На берегу нашли брошенные корзины, под золото приготовленные. И, людей завидев, две горбатые свиньи с визгом кинулись прочь. За боровом золотая цепь тянется. За жирной кабанихой волочится кашемировая шаль, в кустах с треском рвётся. Люди одно поняли: без колдовства тут не обошлось. Подхватились, да бегом в деревню…»

* * *

– От бабки Югыт идёшь? – На автобусной остановке толстая тётка хмуро оглядела Аню. – Как с ума сошли. И едут и едут, и едут и едут. Мёдом у неё намазано, что ли.

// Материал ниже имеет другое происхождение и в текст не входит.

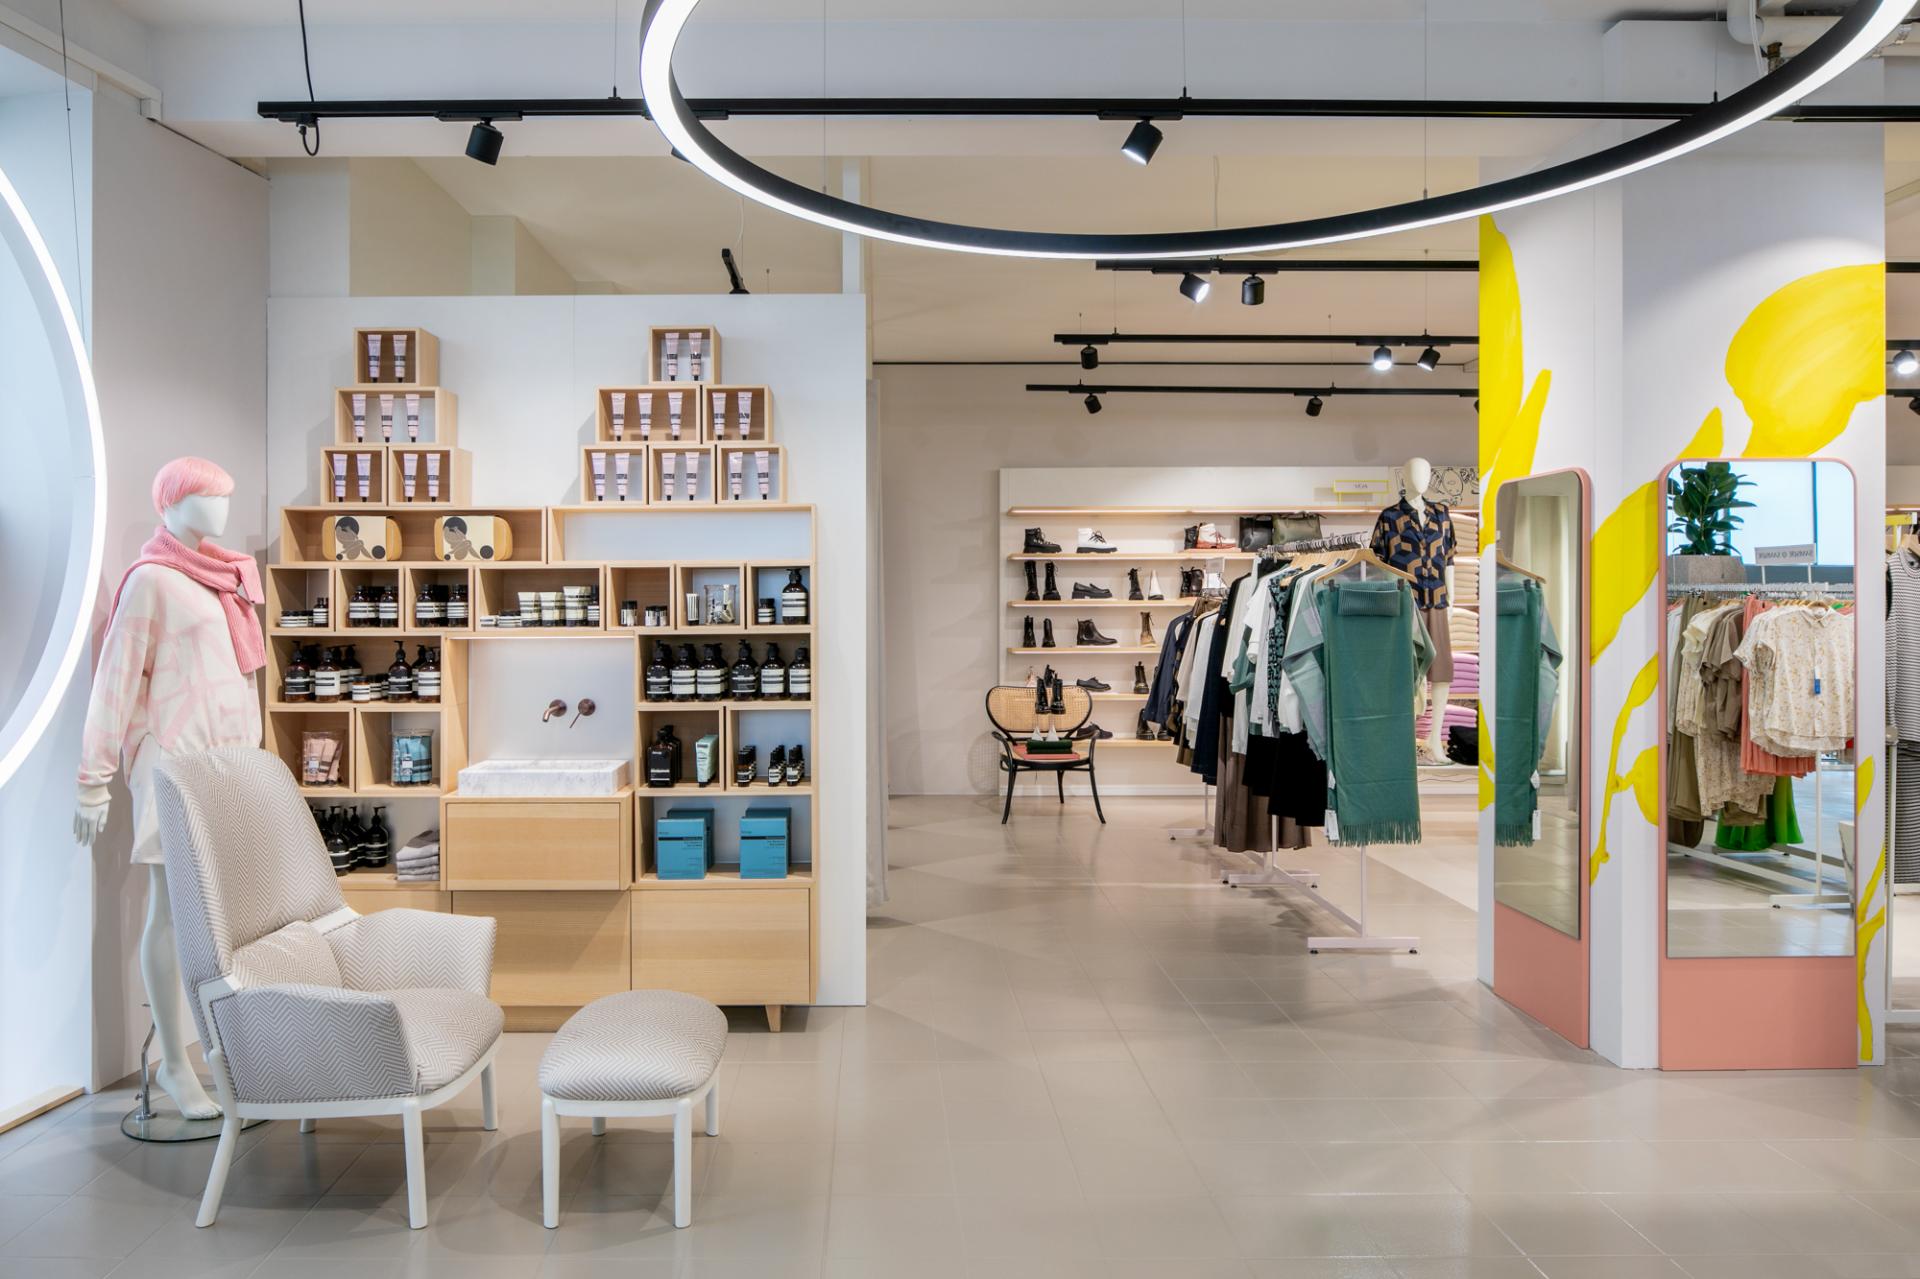 MUSE Design Awards | Retails, Shops, Department Stores & Mall Weber ...

Аня помалкивает, любуется золотым украшением – подарком бабушки Югыт.

– Заколки эти китайские девчачьи. В сельпо лежат, дешёвка, четыре рубля штука, – монотонно ворчит толстуха. – Навыдумывала серебряную трень-брень. Врушка она первостатейная. Старуха, постыдилась бы. Будущим летом приедешь – ещё с три короба наврёт.

Припылил автобус. Шофёр узнал толстуху:

– О, тётка Алама! В город едешь, дочку изводить, зятя пилить?

…Аня приколола брошку к кофточке. Скорее бы будущее лето! Скорее бы новая встреча с бабушкой Югыт!